Dataset excerpt:
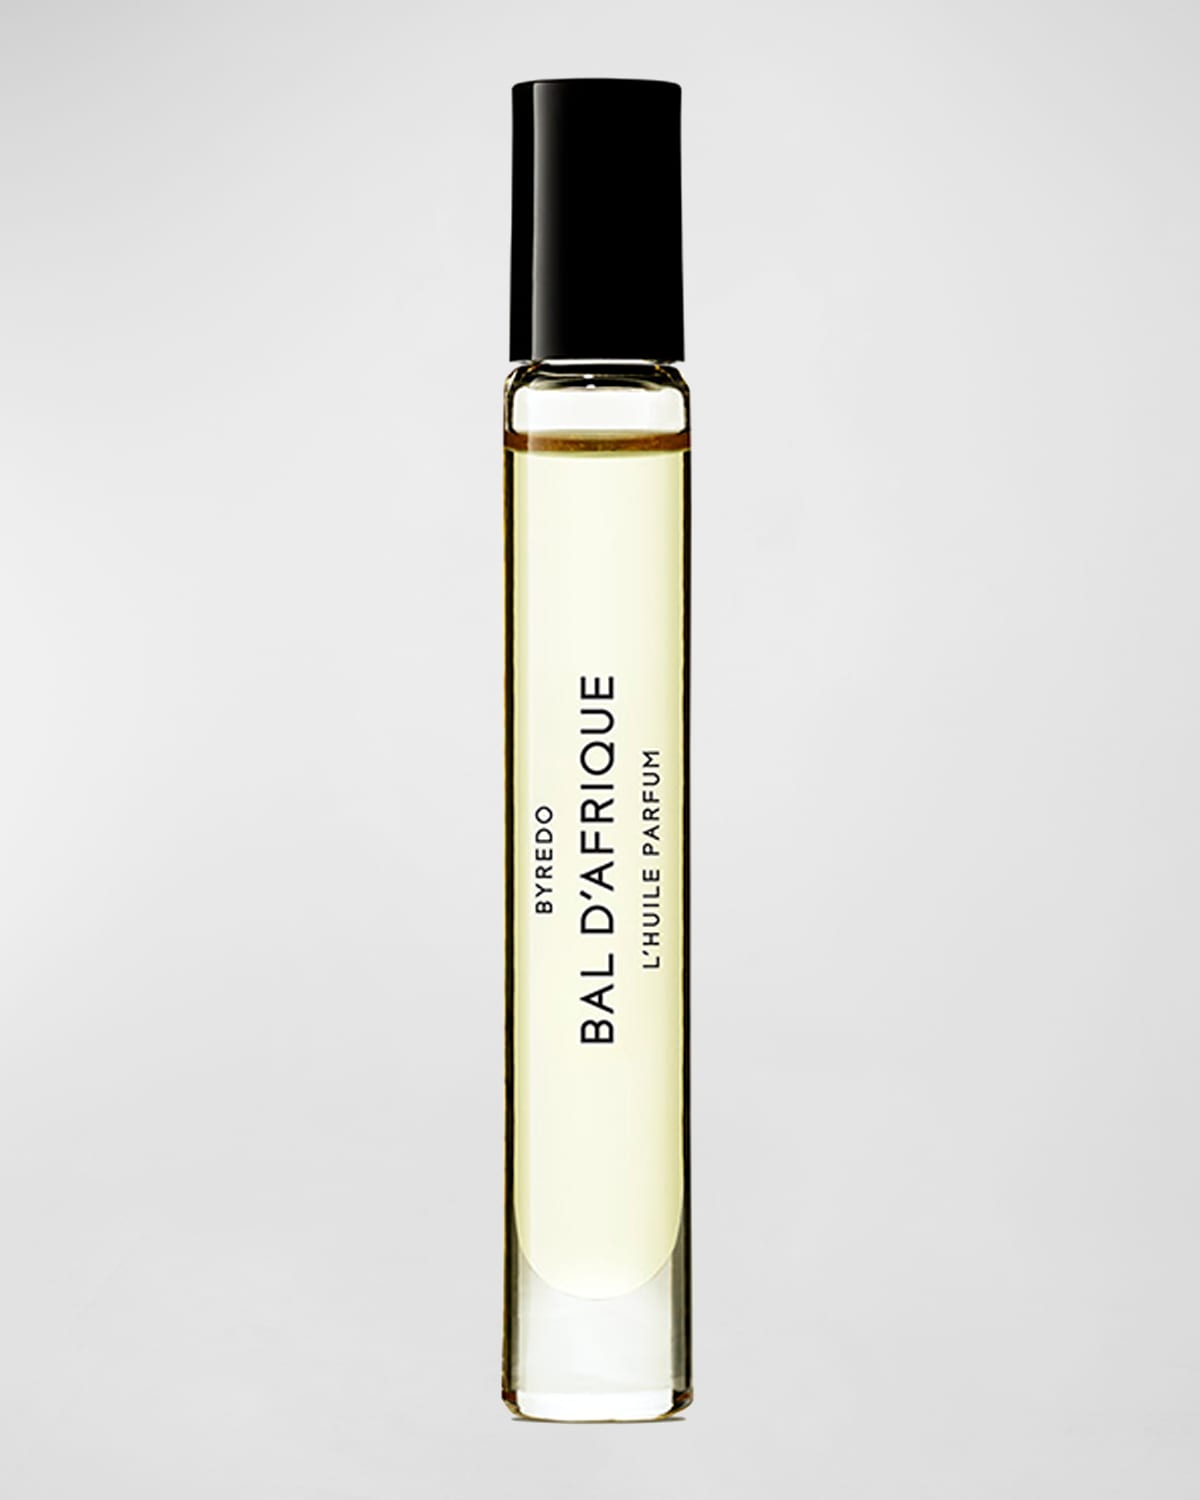 Bal d'Afrique L'Huile Parfum Oil Roll-On, 0.25 oz.
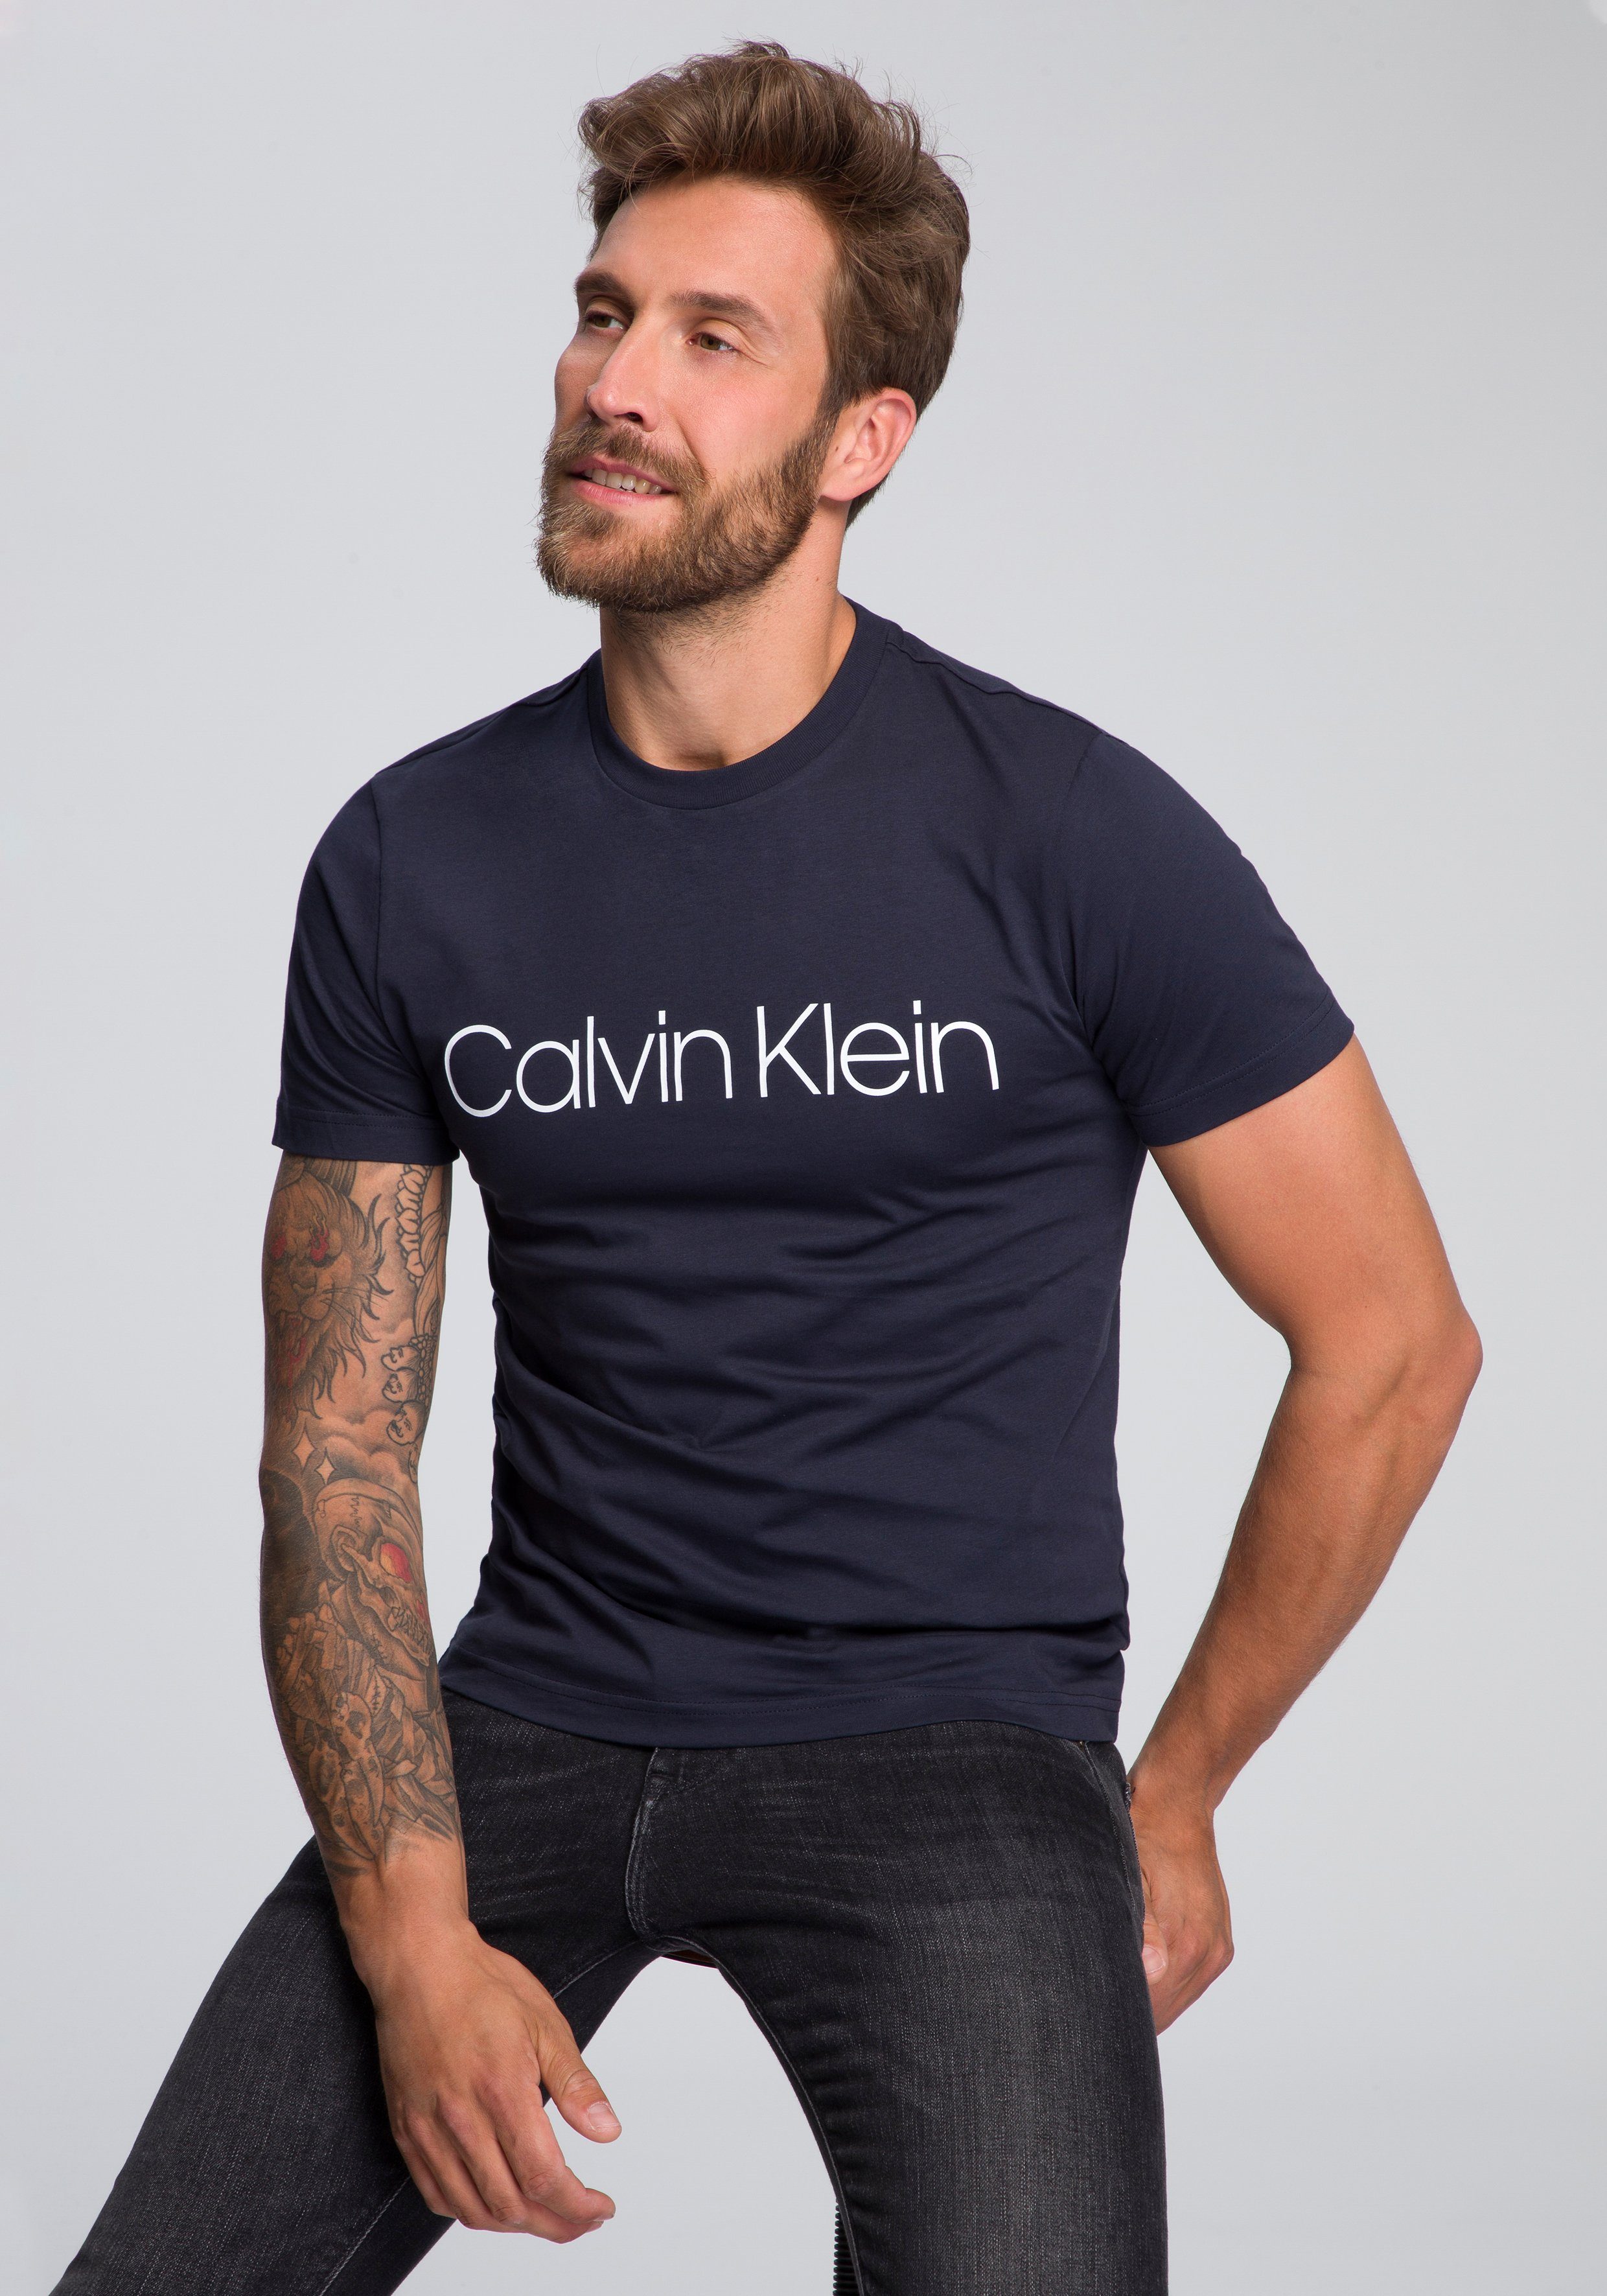 Calvin Klein T-Shirt COTTON FRONT LOGO mit großem Calvin Klein- Schriftzug
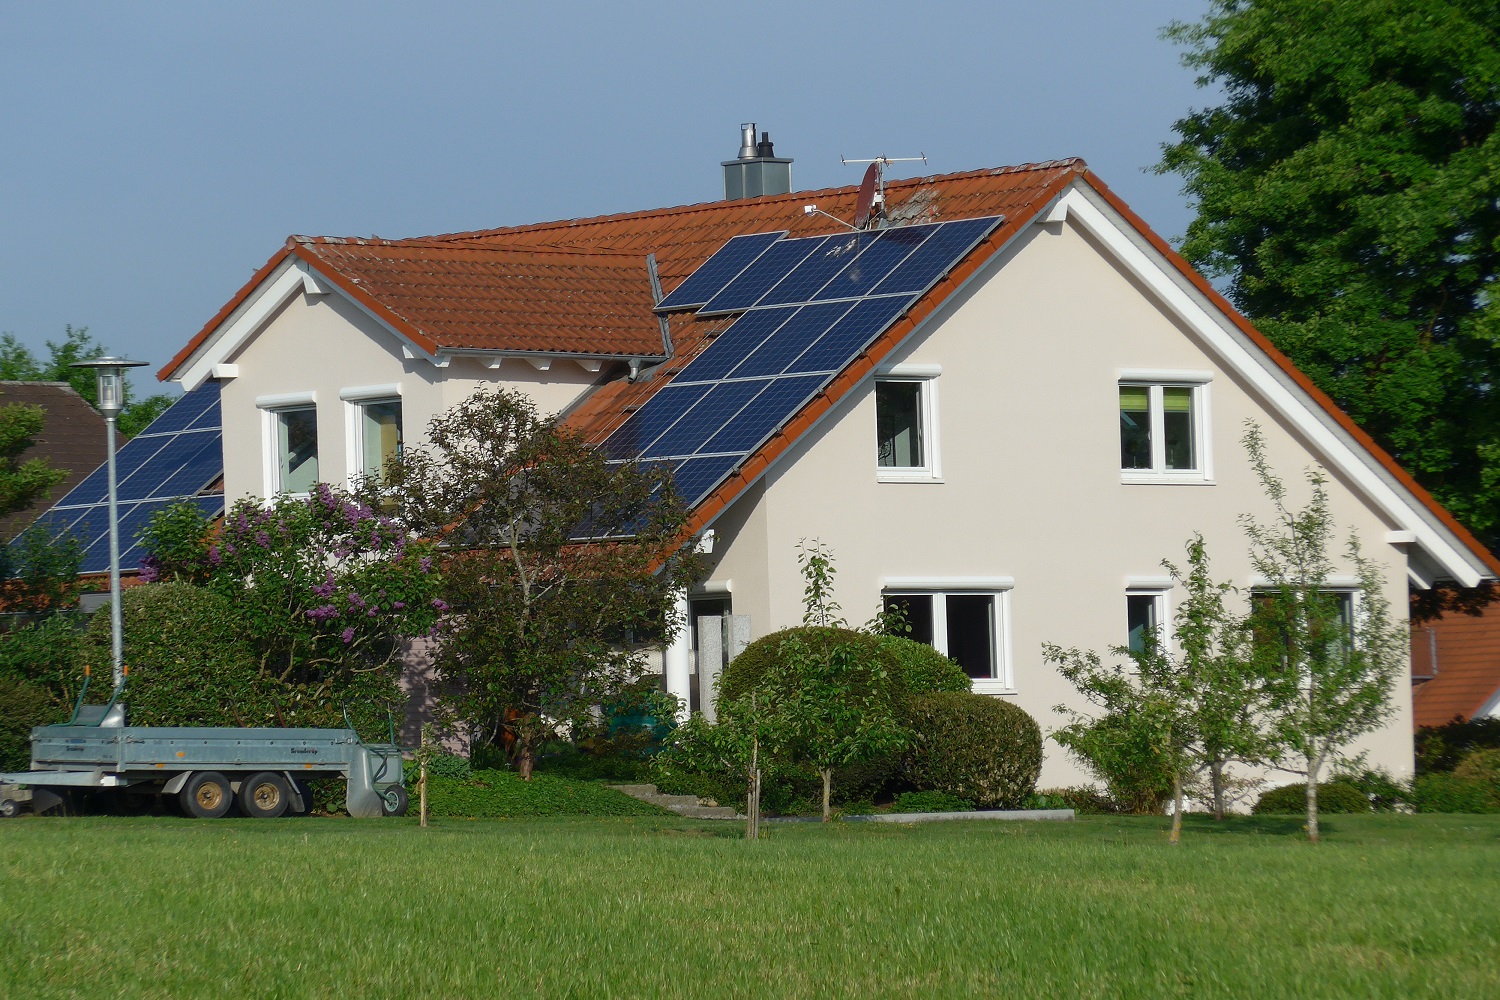 Einkommenssteuerpflicht für kleine PV-Anlagen entfällt - energiezukunft

Problem to work on: Produce the data again character for character, with the images left out.

Solved exercise:
 Bal d'Afrique L'Huile Parfum Oil Roll-On, 0.25 oz.
 Calvin Klein T-Shirt COTTON FRONT LOGO mit großem Calvin Klein- Schriftzug
 Einkommenssteuerpflicht für kleine PV-Anlagen entfällt - energiezukunft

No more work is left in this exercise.